Word-for-word transcription: reproduce all of the data, but not the pictures.

——

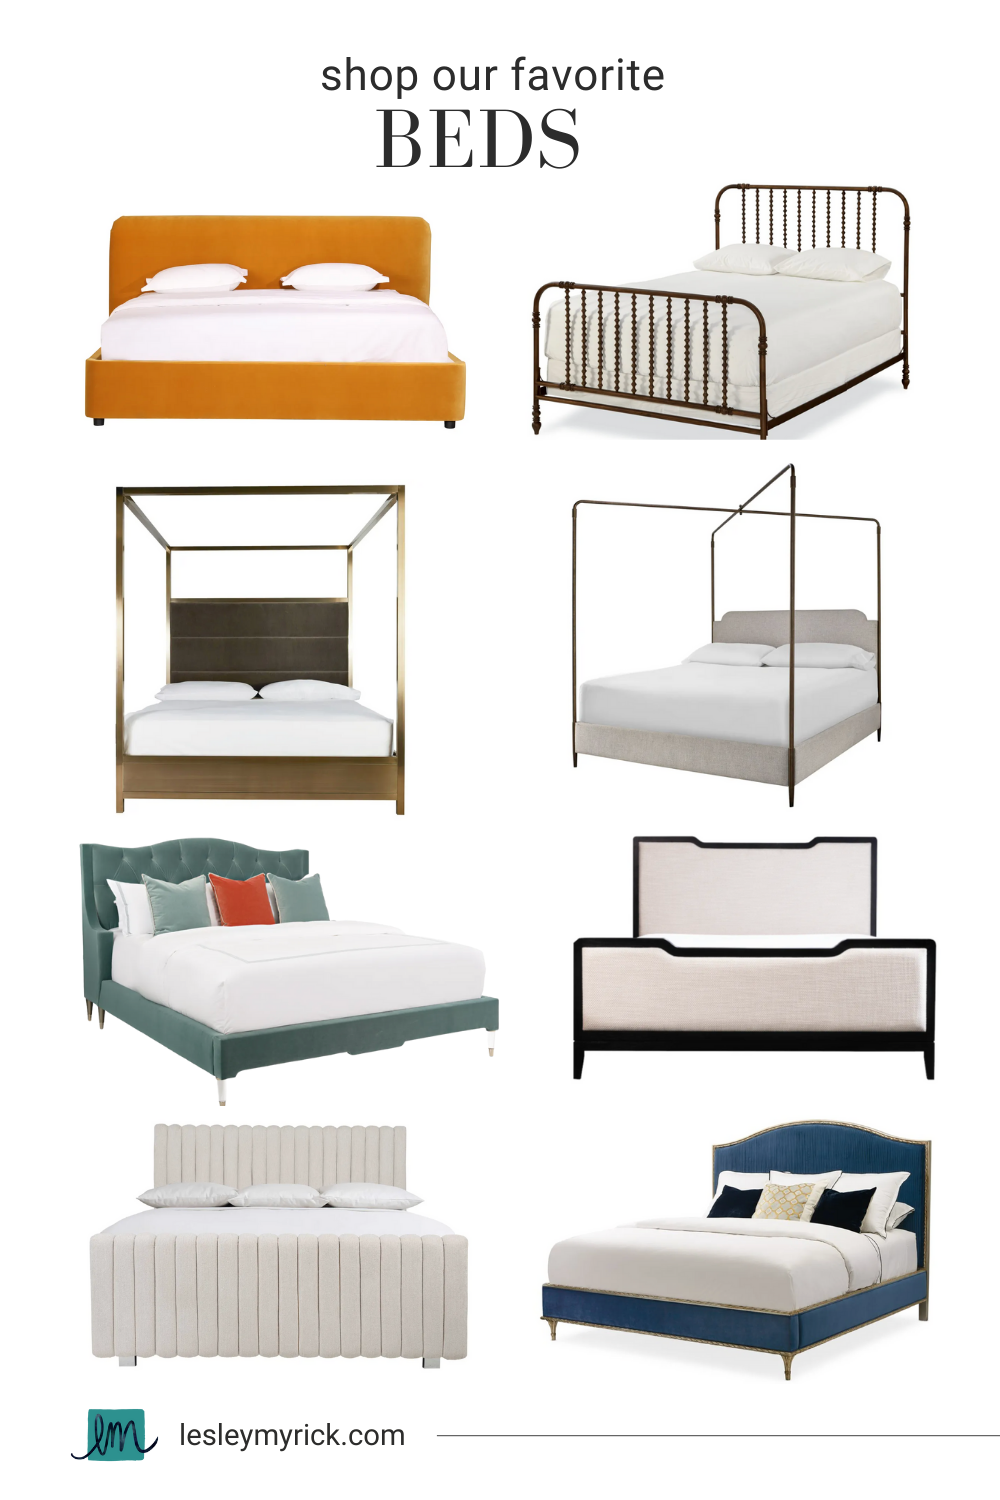 Shop interior designer Lesley Myrick's favorite beds.
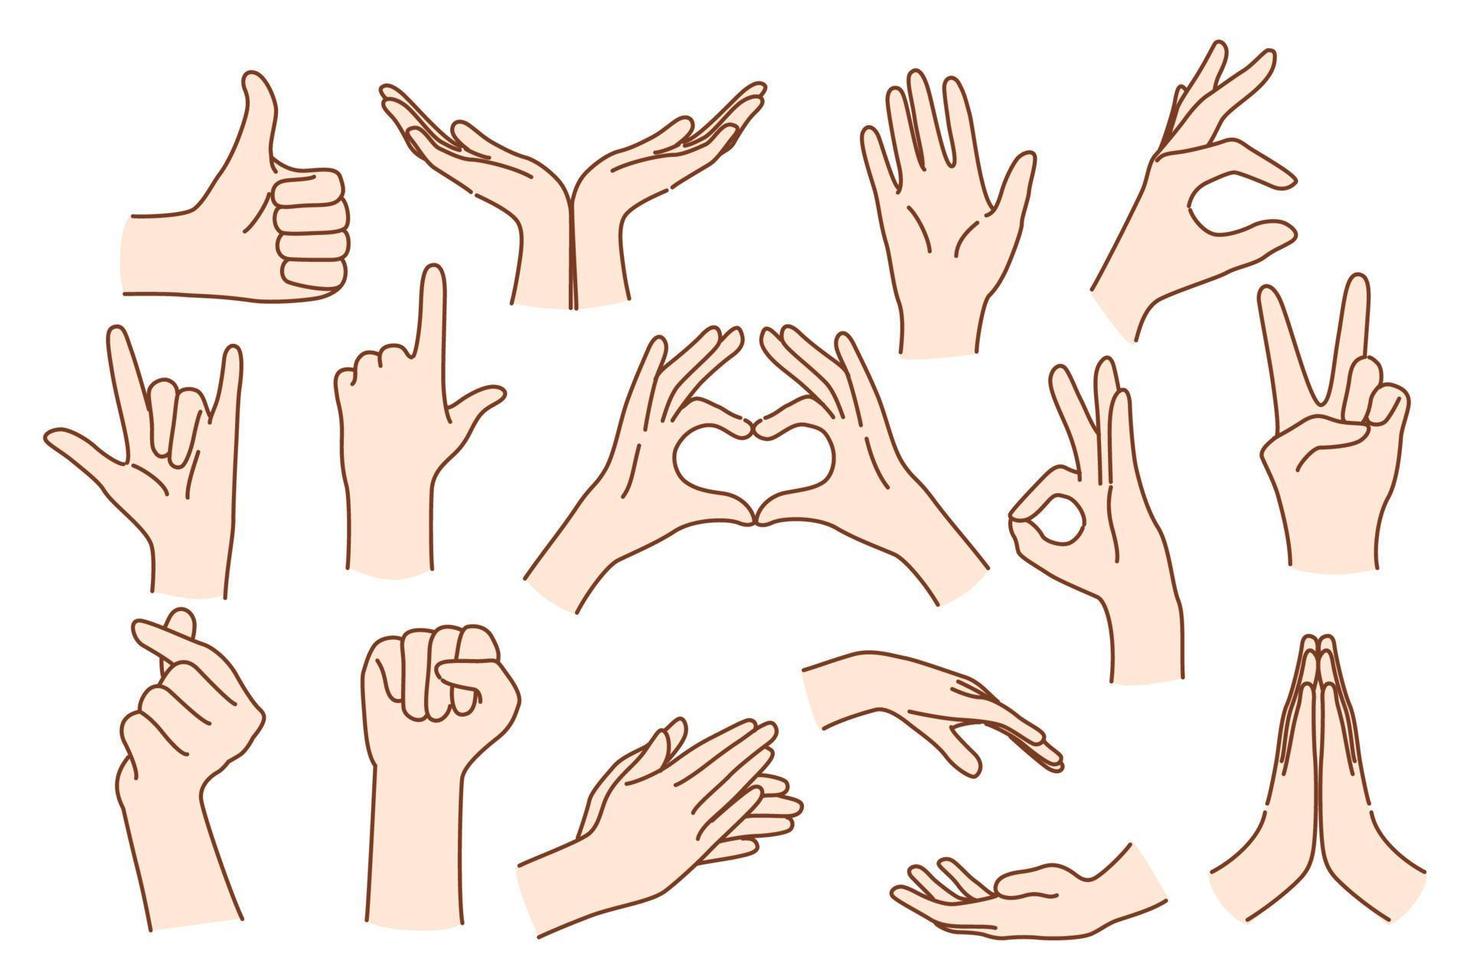 reeks van persoon handen tonen verschillend hand- gebaren uitdrukken gedachten en emoties. Mens of vrouw spreken praten gebruik makend van teken taal. non-verbaal communicatie concept. vlak vector illustratie.
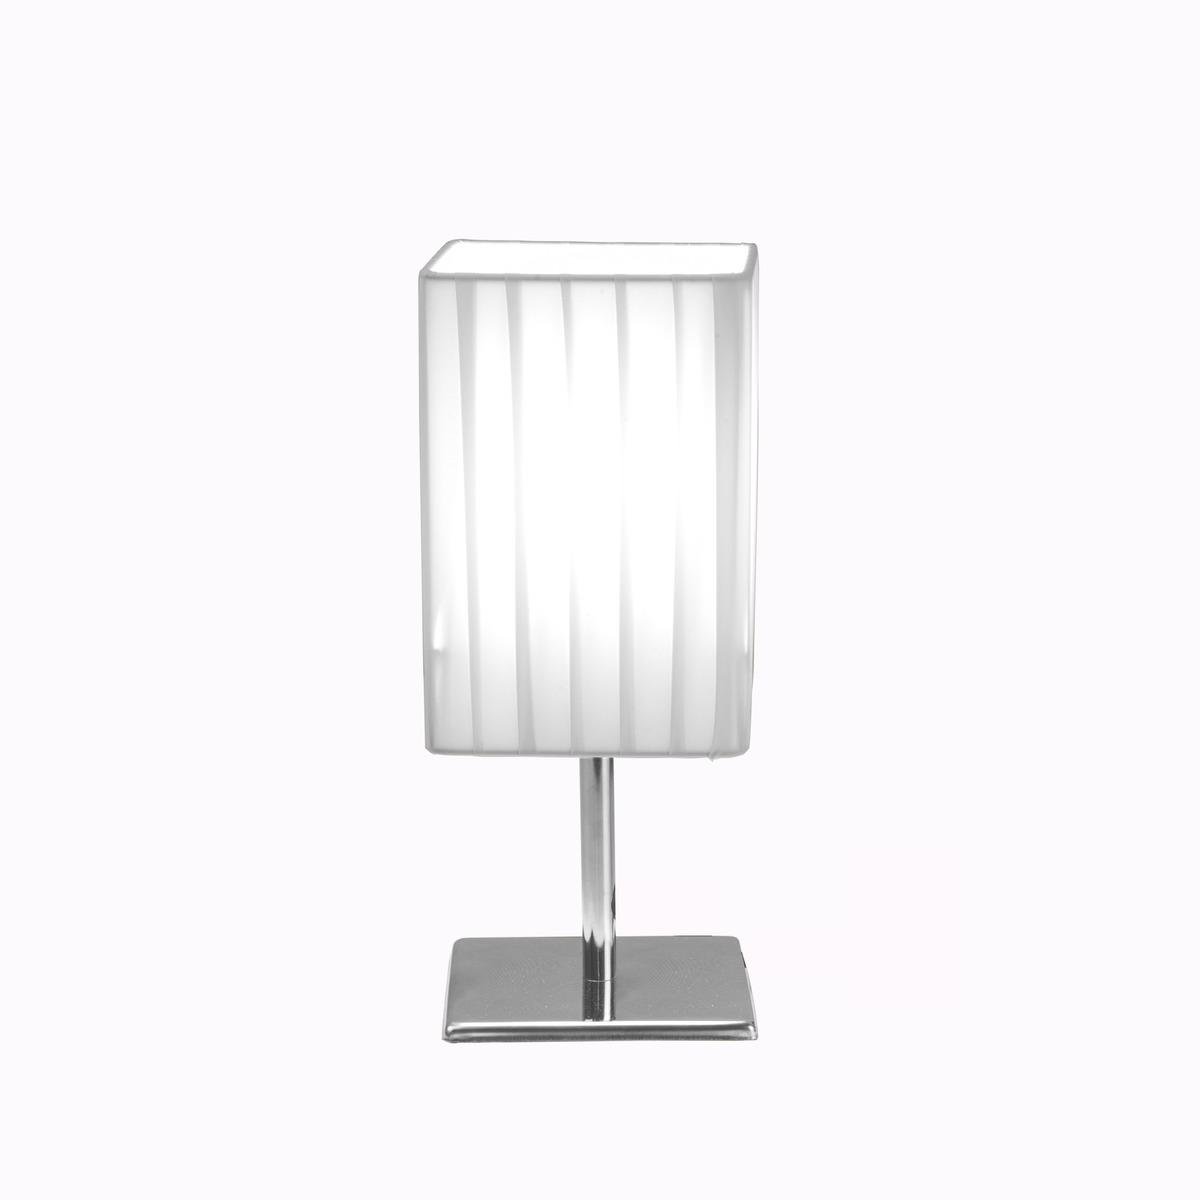 Lampe à poser avec abat-jour plissé carré - 10 x 10 x H 25 cm - Blanc, Gris
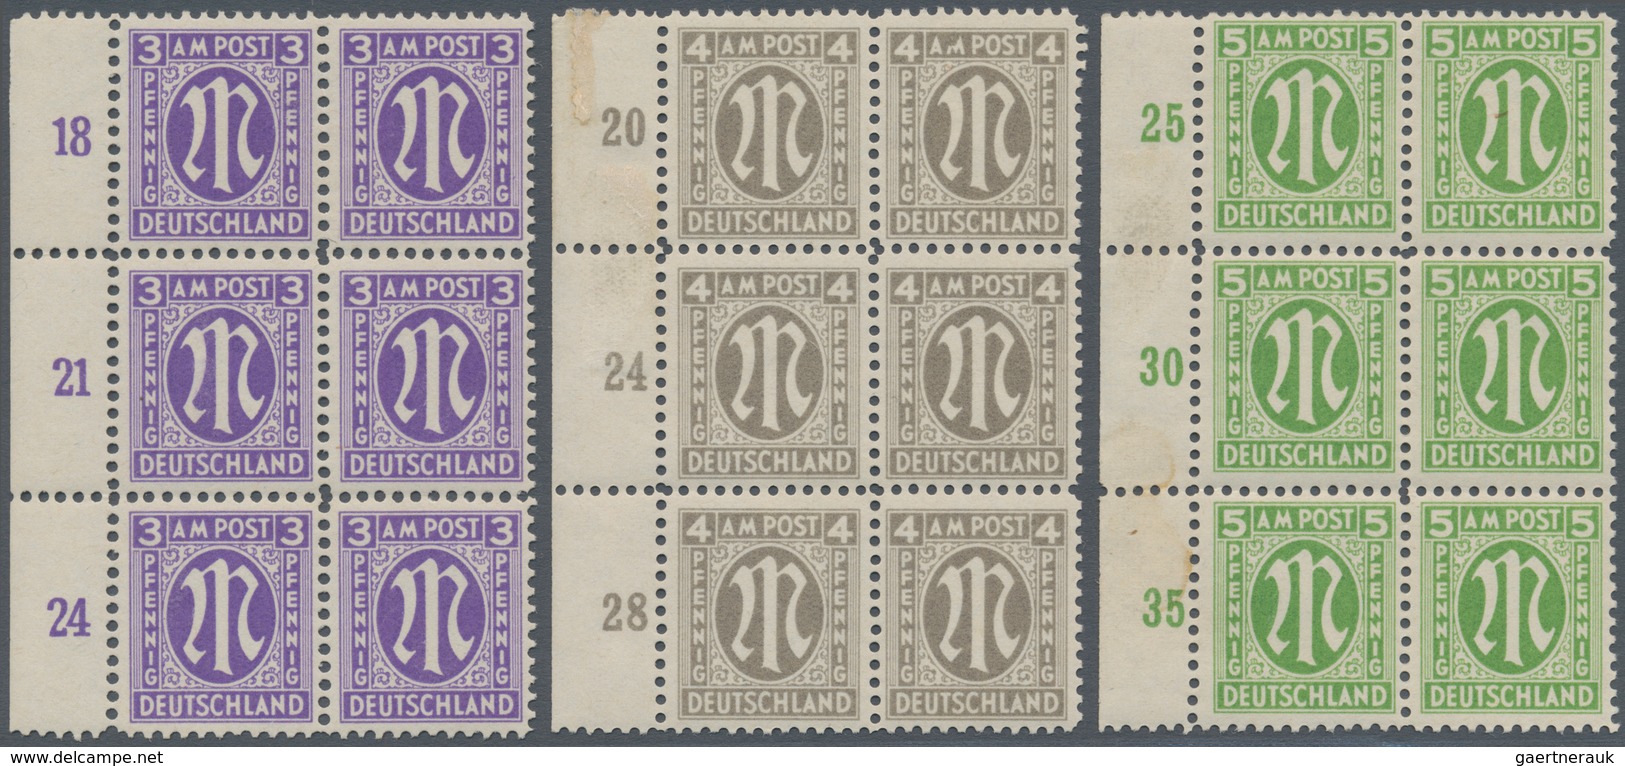 Bizone: 1945, AM-Post Deutscher Druck, Probedrucke auf Papier x (Farbe im UV-Licht abweichend) gez.
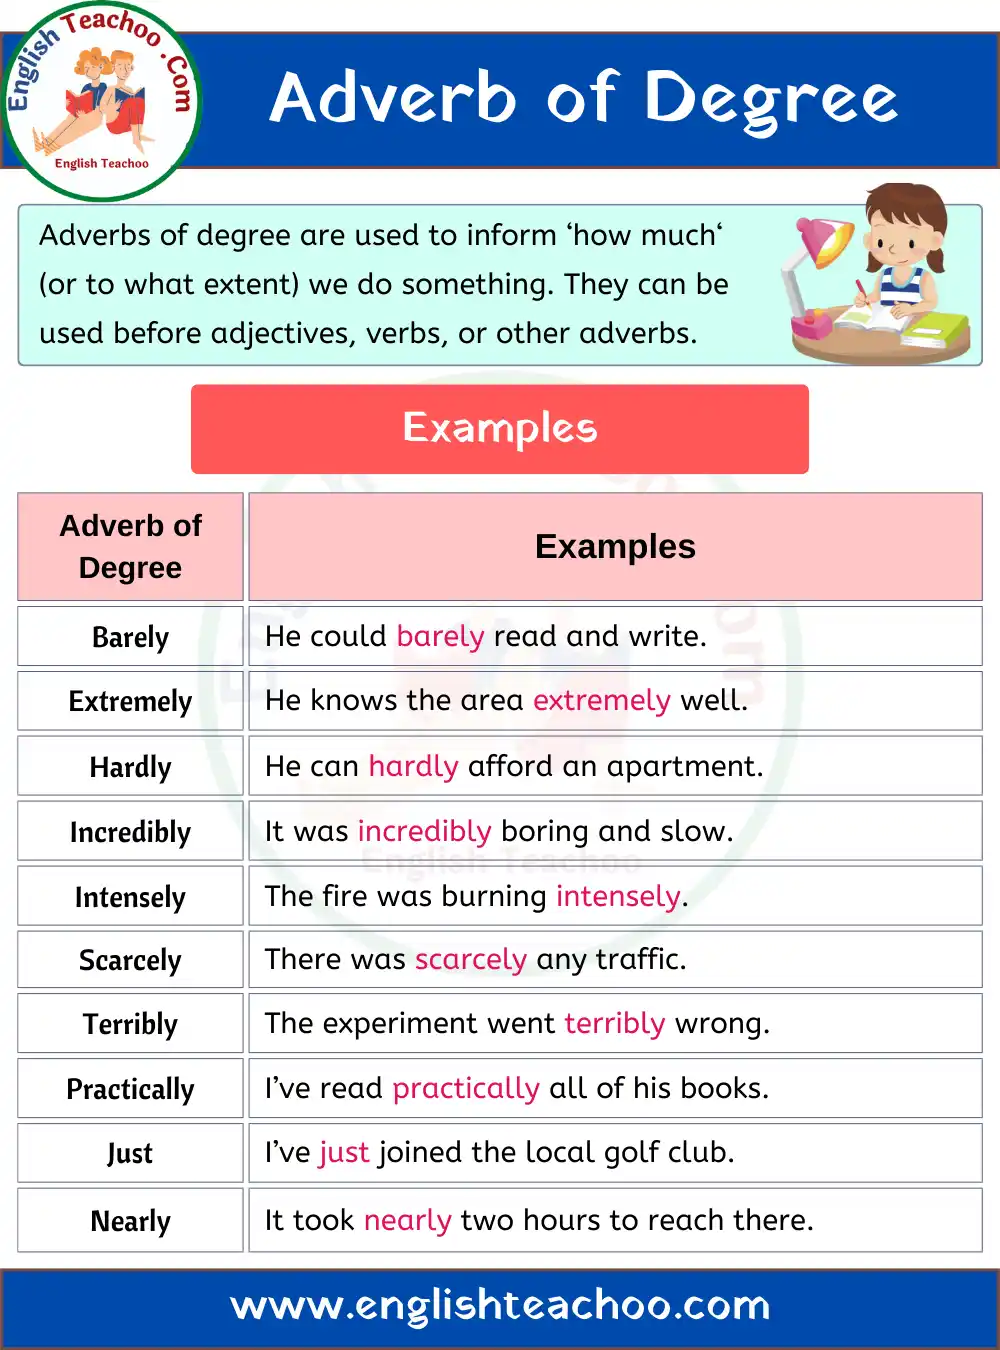 adverb-of-degree-english-grammar-englishteachoo
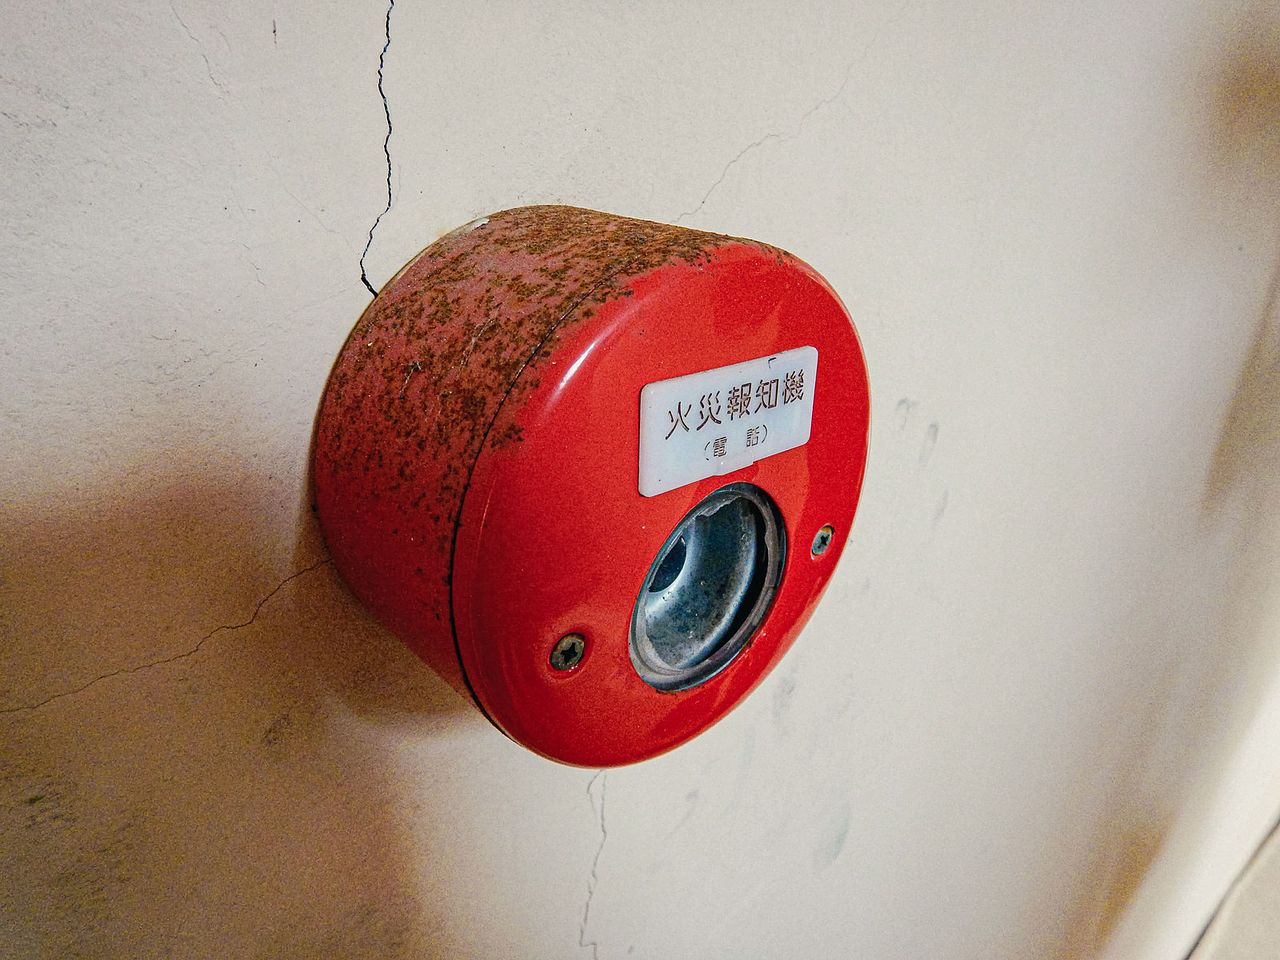 火災警報器の設置義務について

——

> [Your response]:
 Shop interior designer Lesley Myrick's favorite beds.
 reeks van persoon handen tonen verschillend hand- gebaren uitdrukken gedachten en emoties. Mens of vrouw spreken praten gebruik makend van teken taal. non-verbaal communicatie concept. vlak vector illustratie.
 Lampe à poser avec abat-jour plissé carré - 10 x 10 x H 25 cm - Blanc, Gris
 Bizone: 1945, AM-Post Deutscher Druck, Probedrucke auf Papier x (Farbe im UV-Licht abweichend) gez.
 adverb-of-degree-english-grammar-englishteachoo
 火災警報器の設置義務について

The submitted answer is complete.